WORK REQUEST -
Pictures stay out of the answer, but every line of the material must be restated exactly.

DATA SECTION -
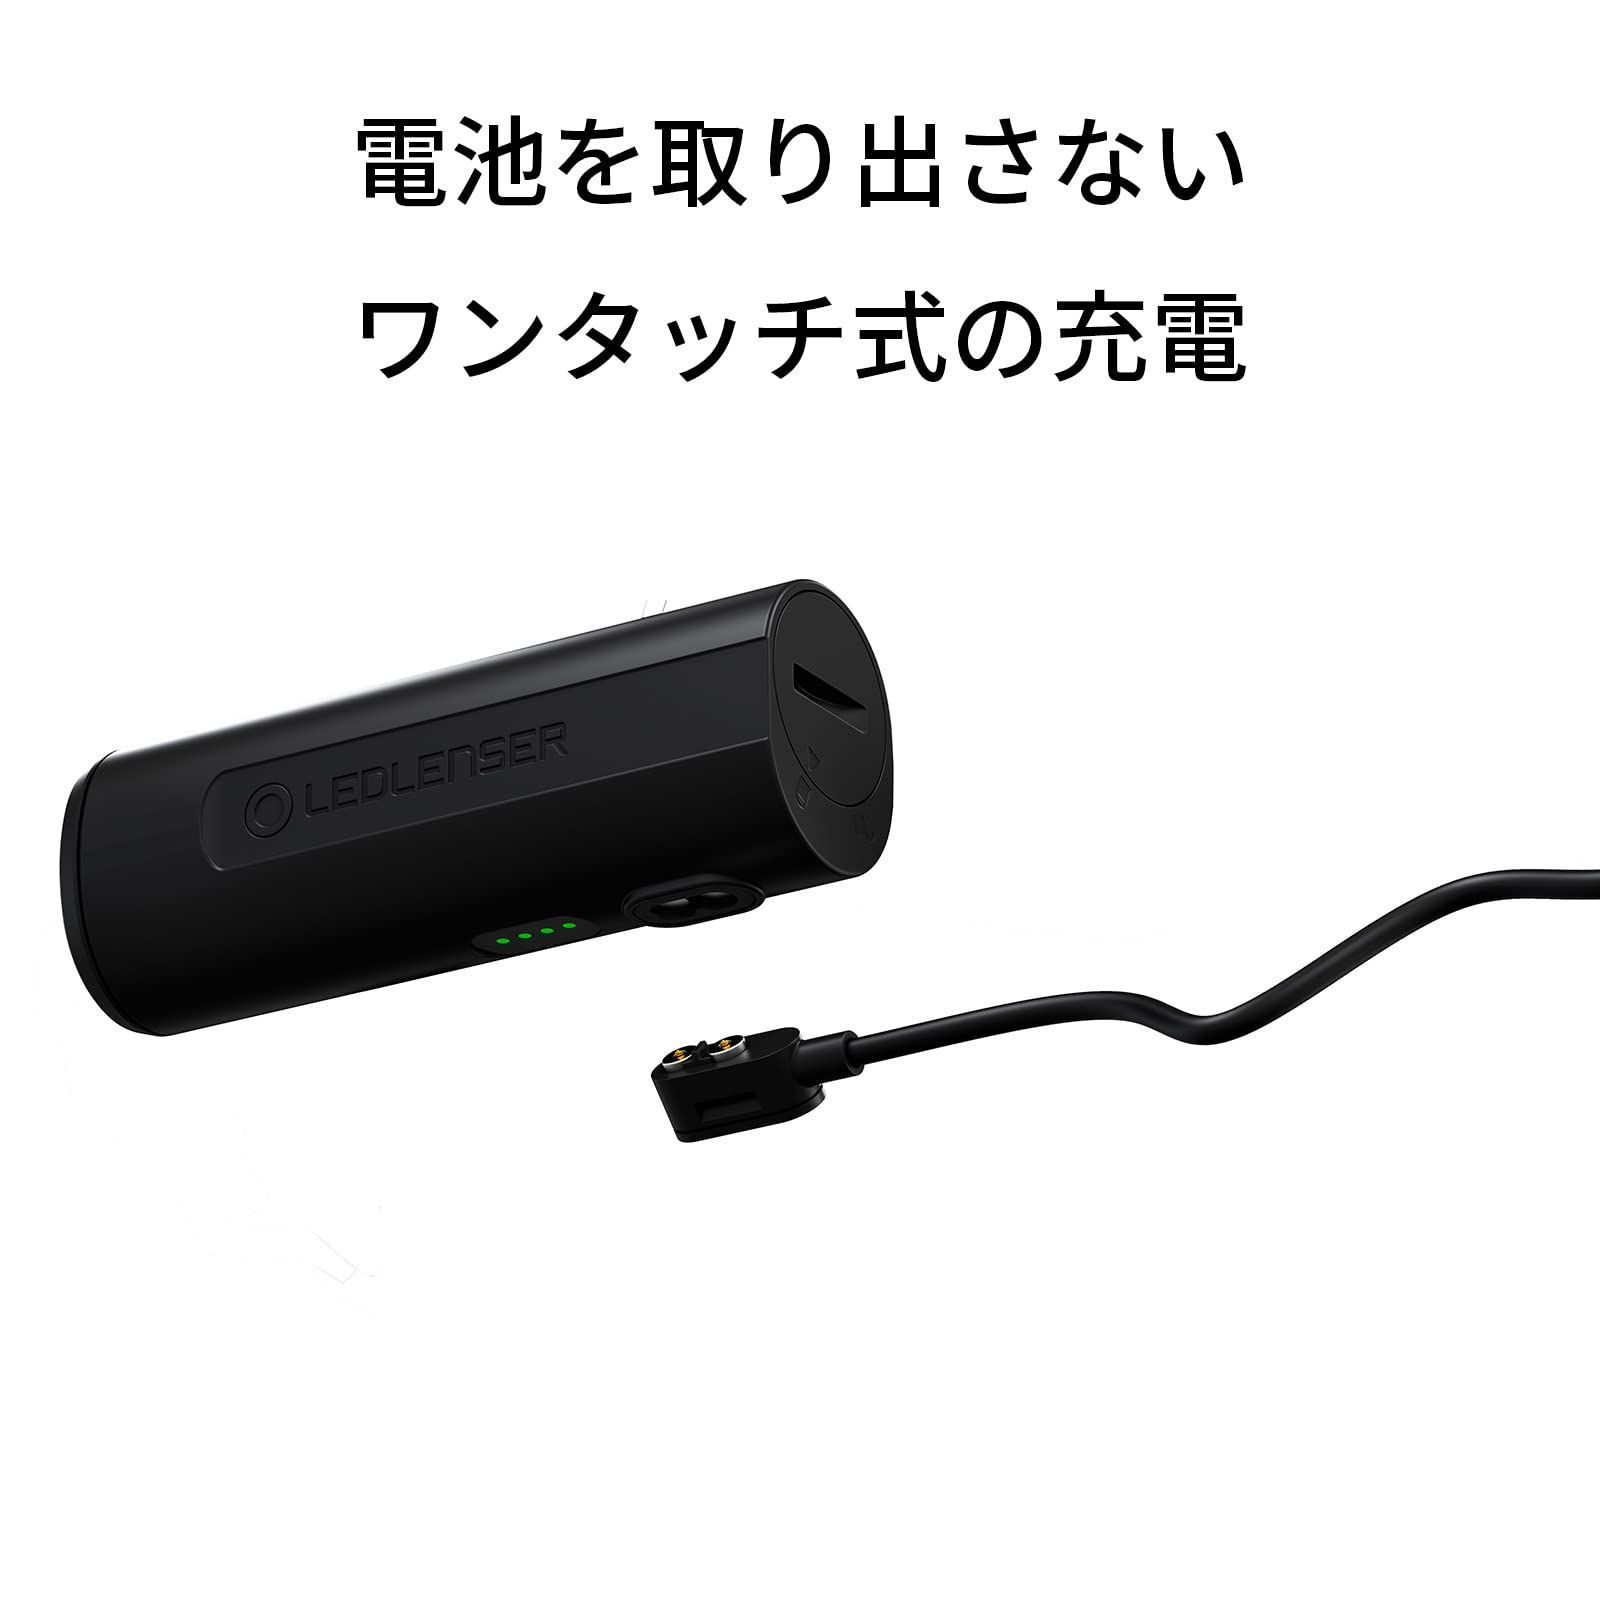 特価セール】Ledlenser(レッドレンザー) H7R Core LEDヘッドライト USB充電式 [日本正規品] black 小 FFショップ  【土日祝お休みです】 メルカリ
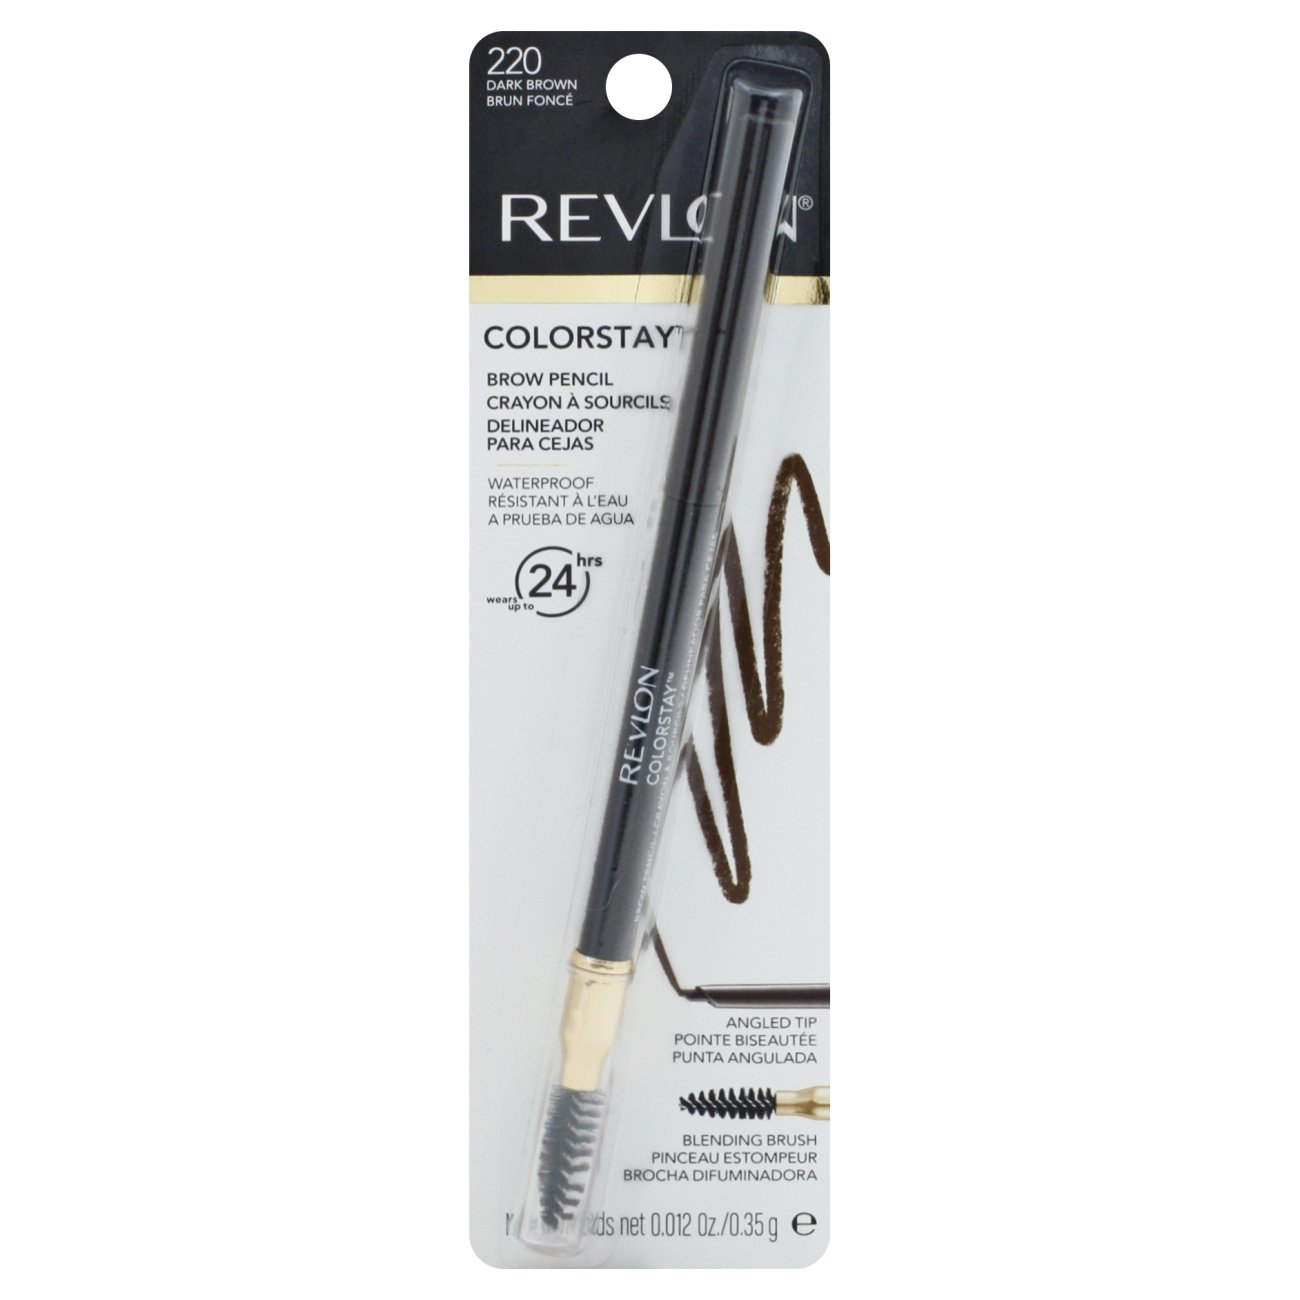 Revlon ColorStay Brow Pencil, 220 Dark Brown - Shop Brow Pencils
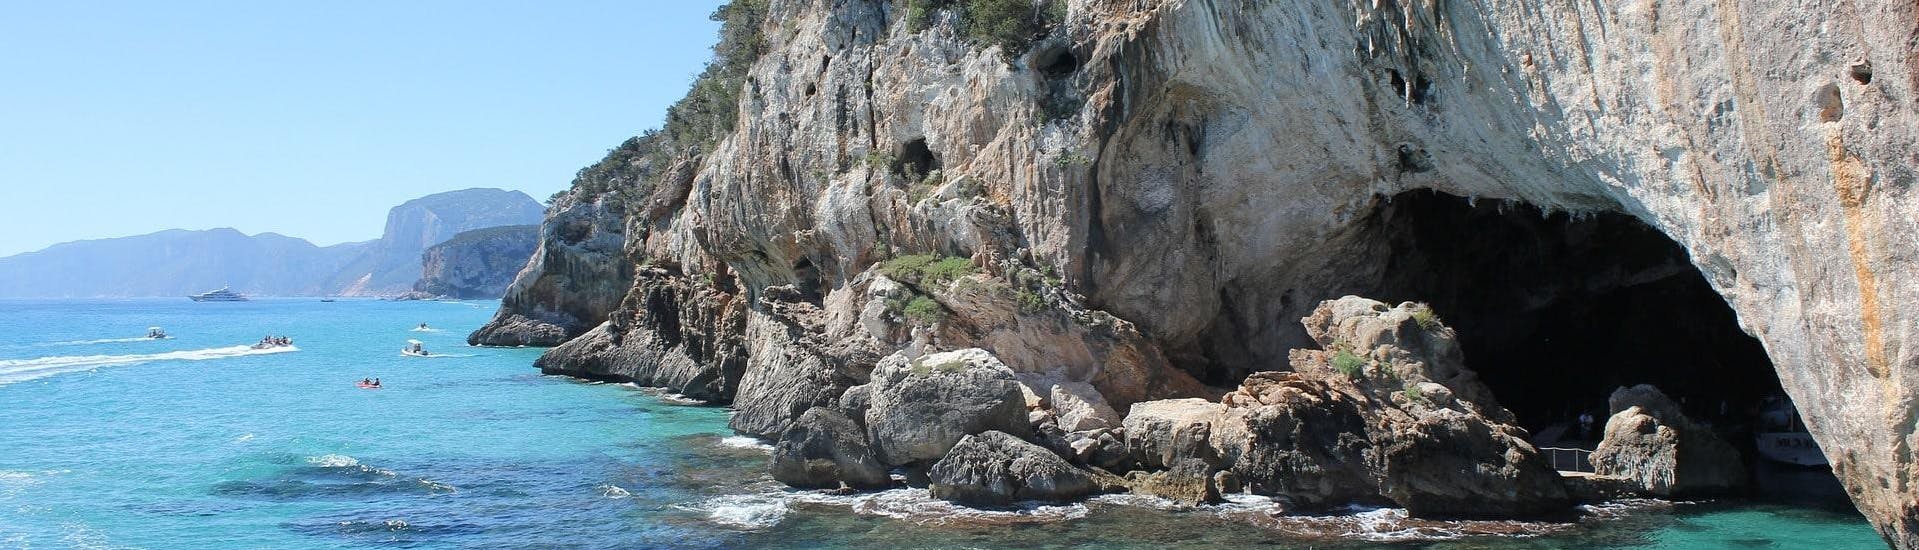 Una barca parte dalla Grotta del Bue Marino, che può essere visitata durante una gita in barca in Sardegna.

YOUR RESPONSE -
 特価セール】Ledlenser(レッドレンザー) H7R Core LEDヘッドライト USB充電式 [日本正規品] black 小 FFショップ  【土日祝お休みです】 メルカリ
 Revlon ColorStay Brow Pencil, 220 Dark Brown - Shop Brow Pencils
 Una barca parte dalla Grotta del Bue Marino, che può essere visitata durante una gita in barca in Sardegna.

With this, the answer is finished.